Uma fonte do DHS achou a informação intrigante, dizendo ao meio de comunicação: ‘Uma pergunta que deveria ser feita é por que McCarthy foi trazido tão de perto para a equipe de campanha no momento da campanha, quando havia muitos compradores de anúncios com quem havia trabalhado nos dois anos anteriores?’
Poucos meses depois, a Casa Branca exigiu que a Safe America Media fosse “considerada” para a campanha publicitária e a Casa Branca os aprovou, disse o relatório.
Existe um registro escrito disso entre o DHS e a Casa Branca, acrescentou o meio de comunicação.
Joseph Folio, advogado que representa a Safe America Media, disse que a empresa ‘apresentou uma proposta e recebeu um contrato para apoiar a campanha nacional de conscientização pública do DHS e comprometeu recursos suficientes para cumprir um cronograma orçamentário acelerado’.
Folio continuou: ‘Esperamos fornecer informações adicionais para abordar imprecisões nos relatórios públicos e garantir que o registro reflita com precisão o escopo e o contexto desse trabalho.’

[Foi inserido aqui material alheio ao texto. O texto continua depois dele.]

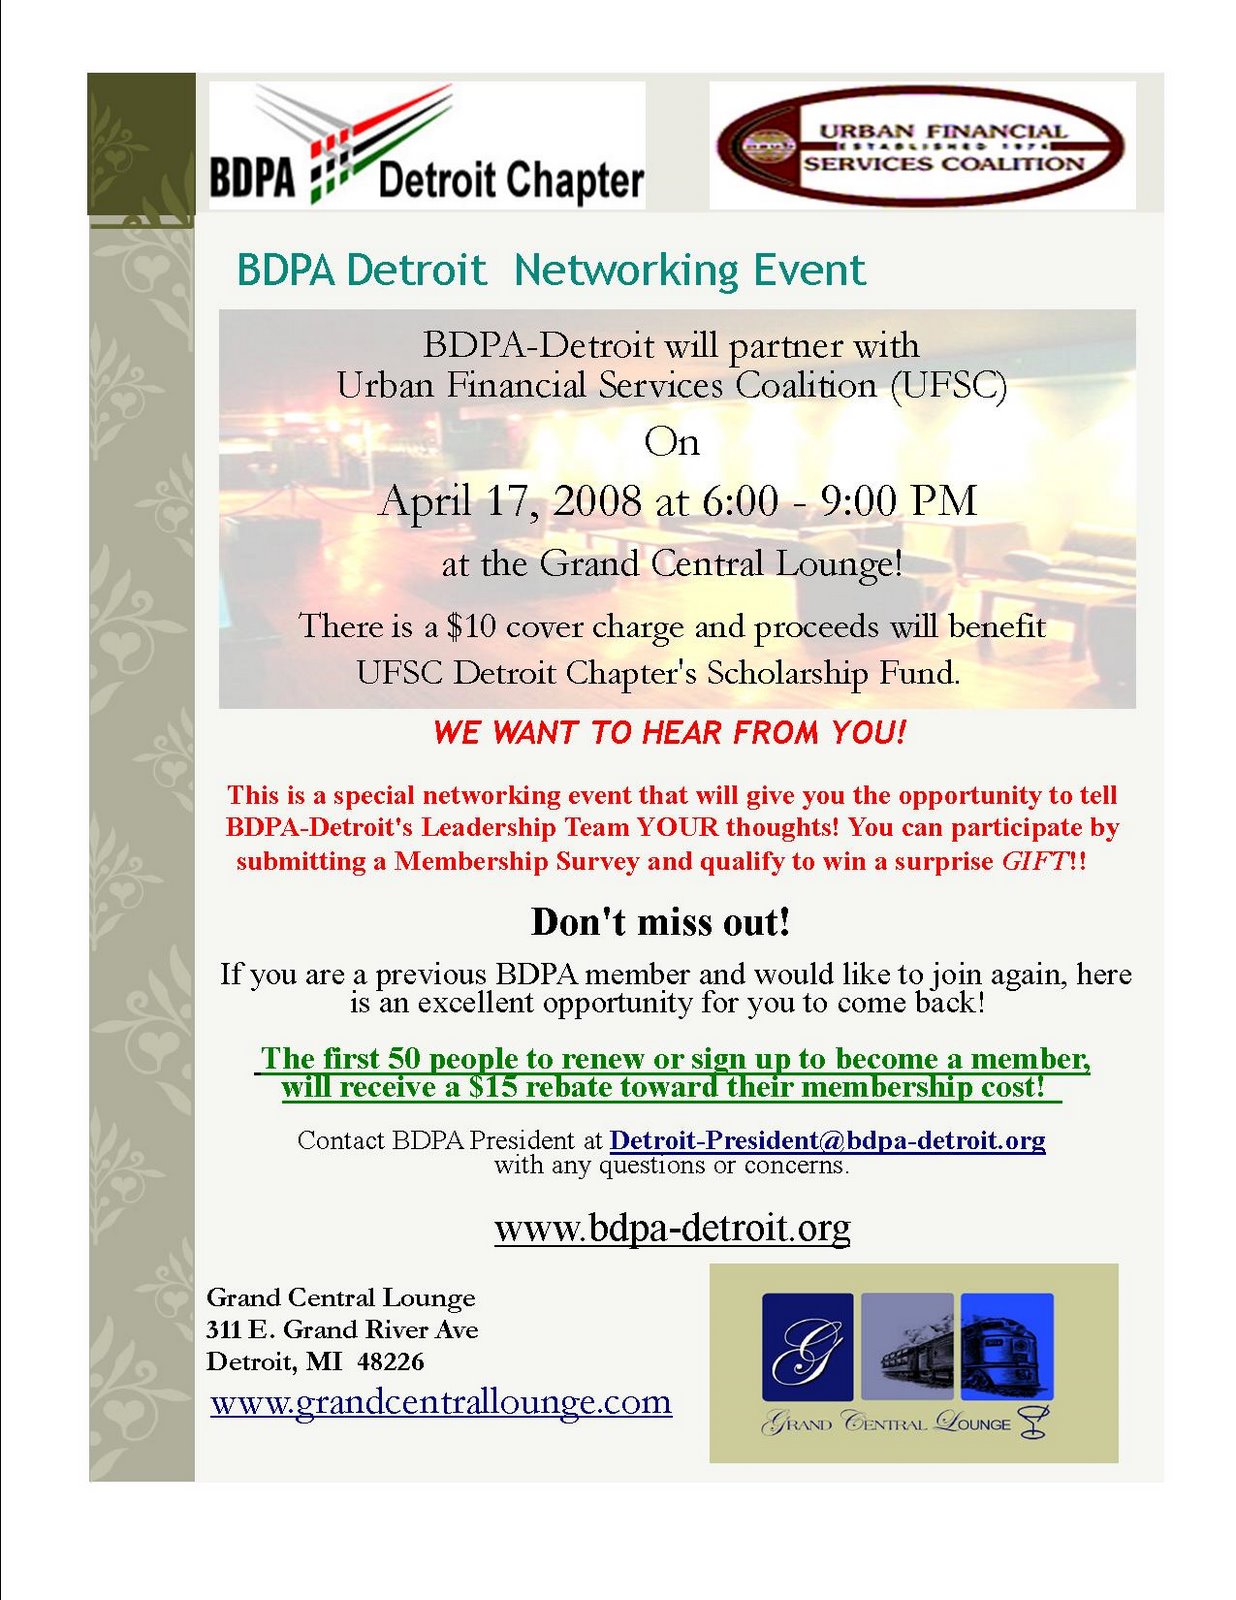 [BDPA+Detroit+Networking+event.jpg]

Noam estava falando em uma conferência sobre aplicação da lei em Nashville quando surgiu a notícia de que ele havia sido demitido por Trump
O Daily Mail entrou em contato com a Casa Branca, DHS e Folio para comentar.
Os anúncios do DHS se tornaram a terceira campanha de marketing mais cara nos EUA nos últimos 10 anos, atrás do Covid PSR e dos anúncios de recrutamento militar.
Noem foi encaminhado para uma investigação criminal pelo Departamento de Justiça por suposto perjúrio envolvendo alegações de que Trump aprovou gastos para sua campanha publicitária.
Os principais democratas do Congresso o encaminharam ao DOJ por “fazer conscientemente declarações falsas sob juramento” ao Congresso.
Uma fonte familiarizada com o assunto disse anteriormente ao Daily Mail que a referência parecia ser “bastante tênue”, mas as questões sobre contratos de publicidade seriam as mais complicadas.